··· DATA SHOWN ···

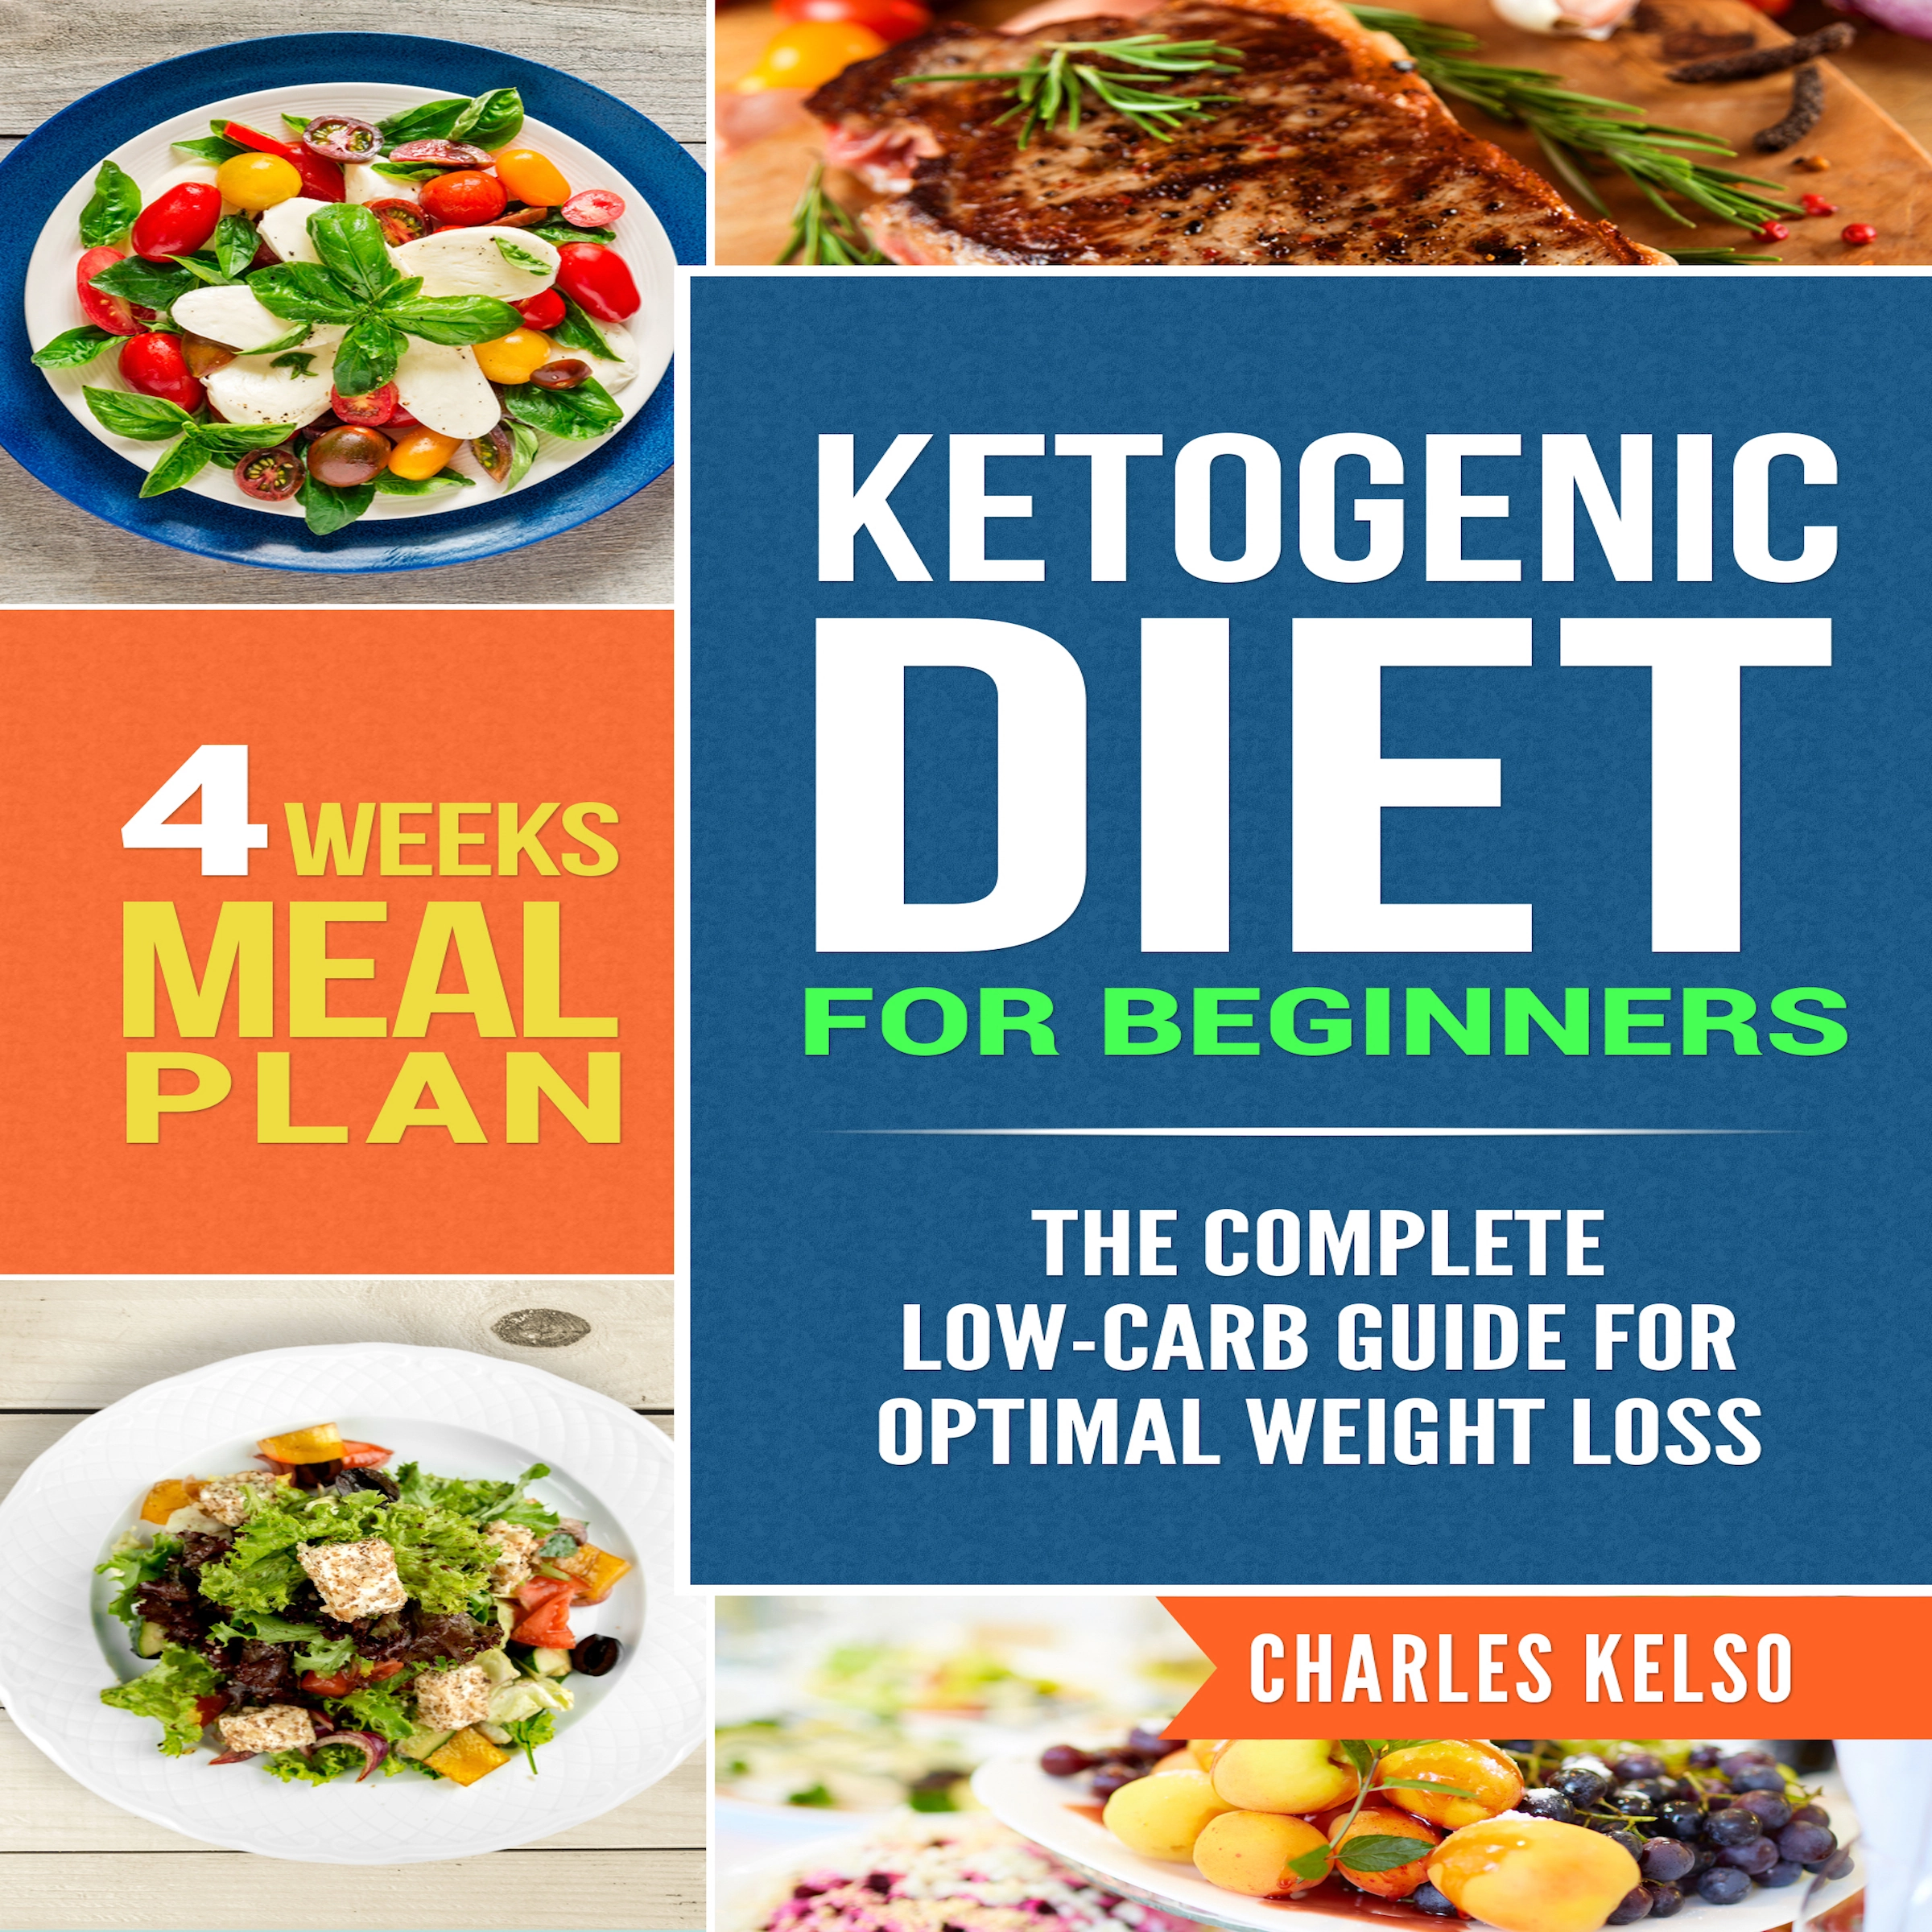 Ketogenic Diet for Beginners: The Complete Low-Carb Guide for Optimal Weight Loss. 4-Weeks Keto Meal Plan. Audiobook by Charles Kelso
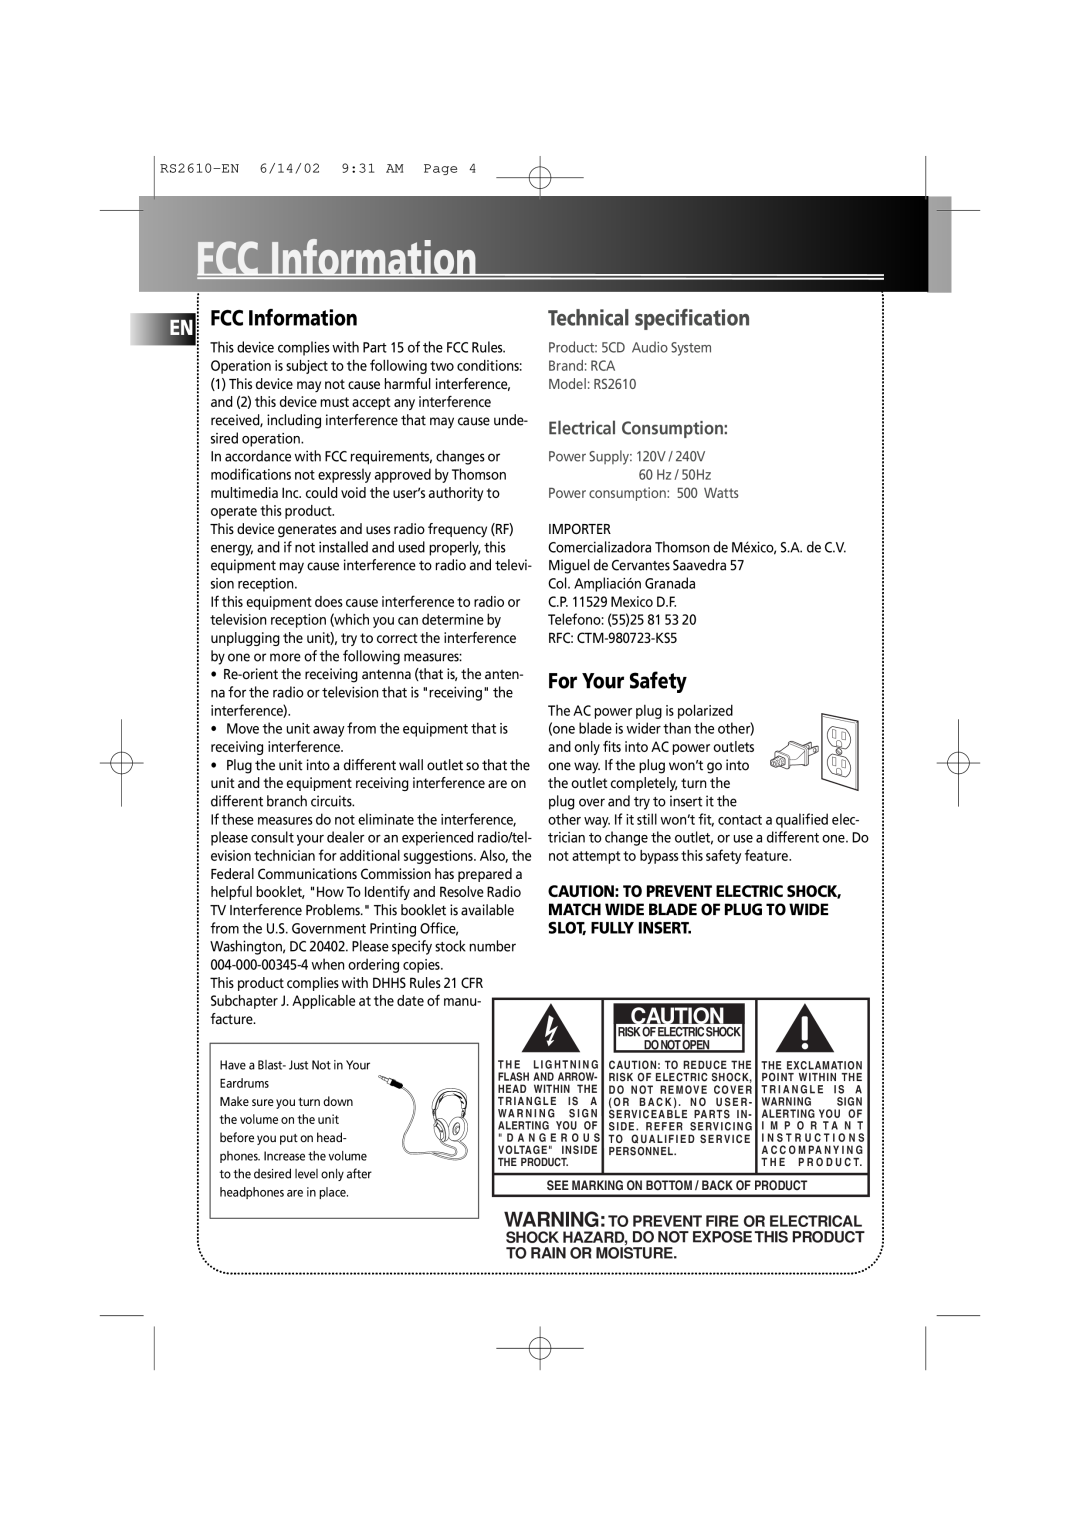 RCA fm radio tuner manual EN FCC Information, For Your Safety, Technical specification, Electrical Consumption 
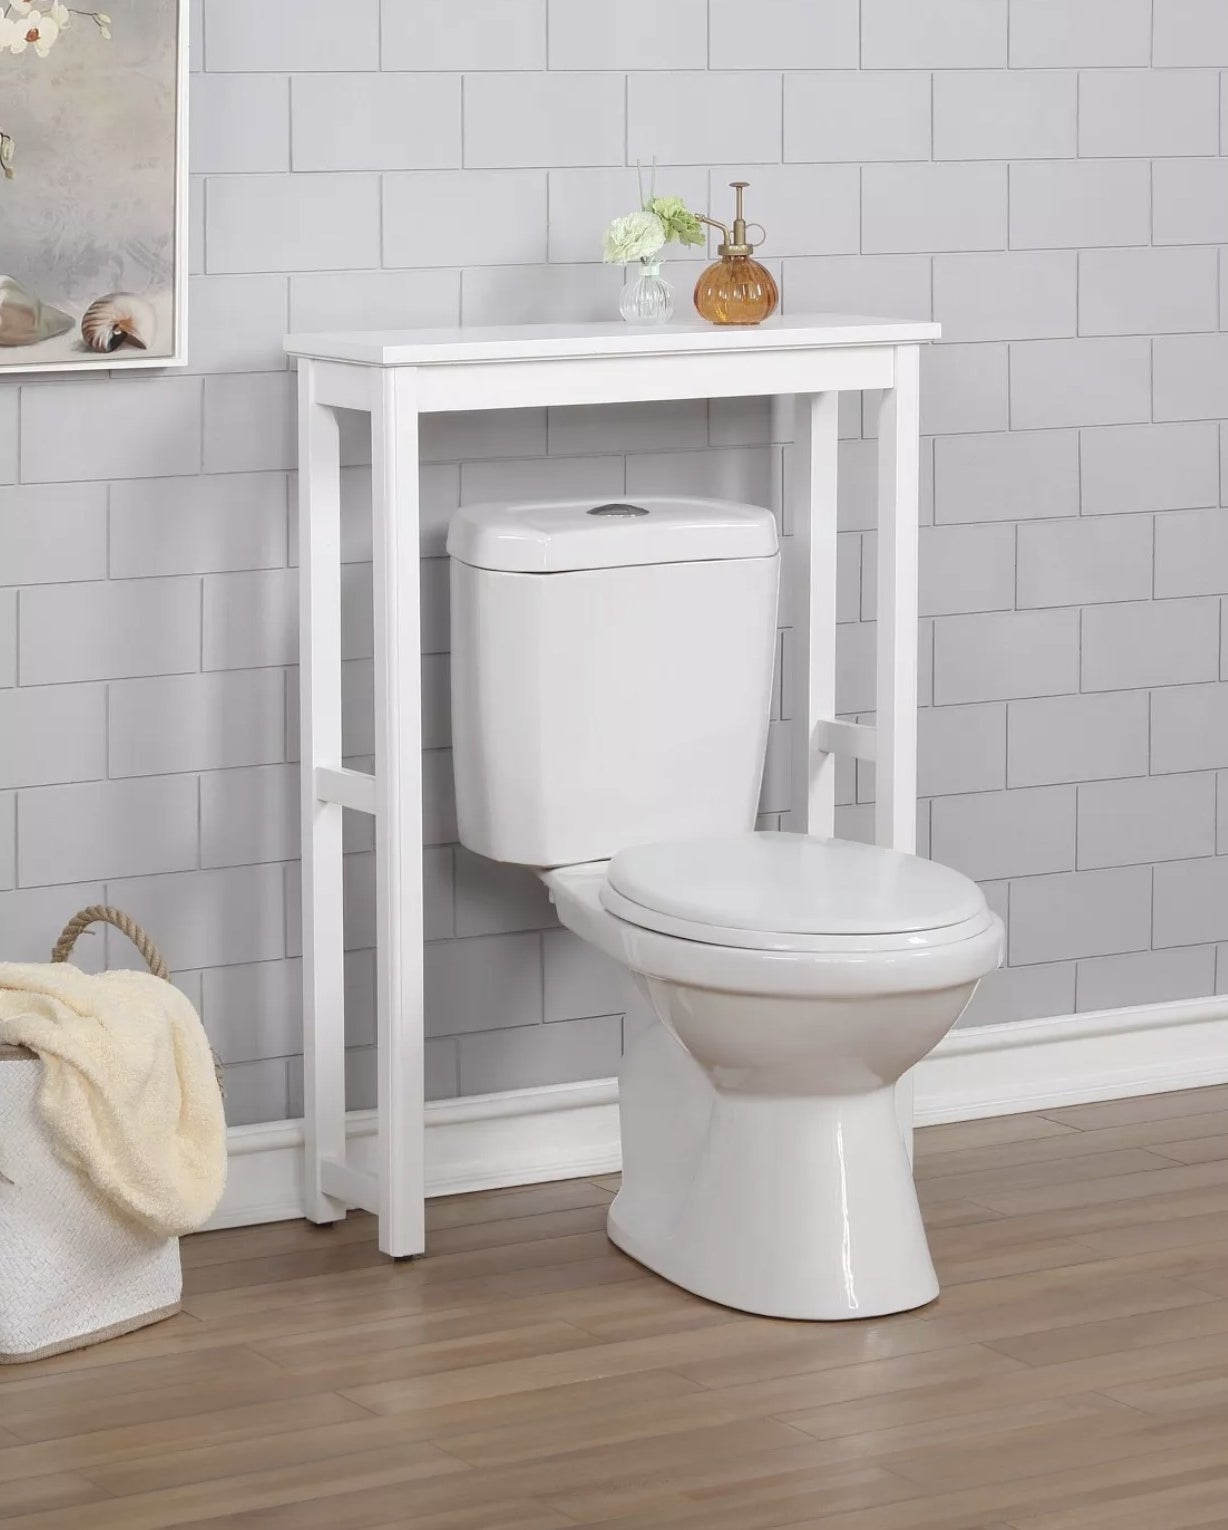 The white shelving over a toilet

···

[TASK DESCRIPTION]
Your copy should match the material above exactly, minus its pictures.

[TASK SOLUTION]
 Ketogenic Diet for Beginners: The Complete Low-Carb Guide for Optimal Weight Loss. 4-Weeks Keto Meal Plan. Audiobook by Charles Kelso
 RCA fm radio tuner manual EN FCC Information, For Your Safety, Technical specification, Electrical Consumption 
 The white shelving over a toilet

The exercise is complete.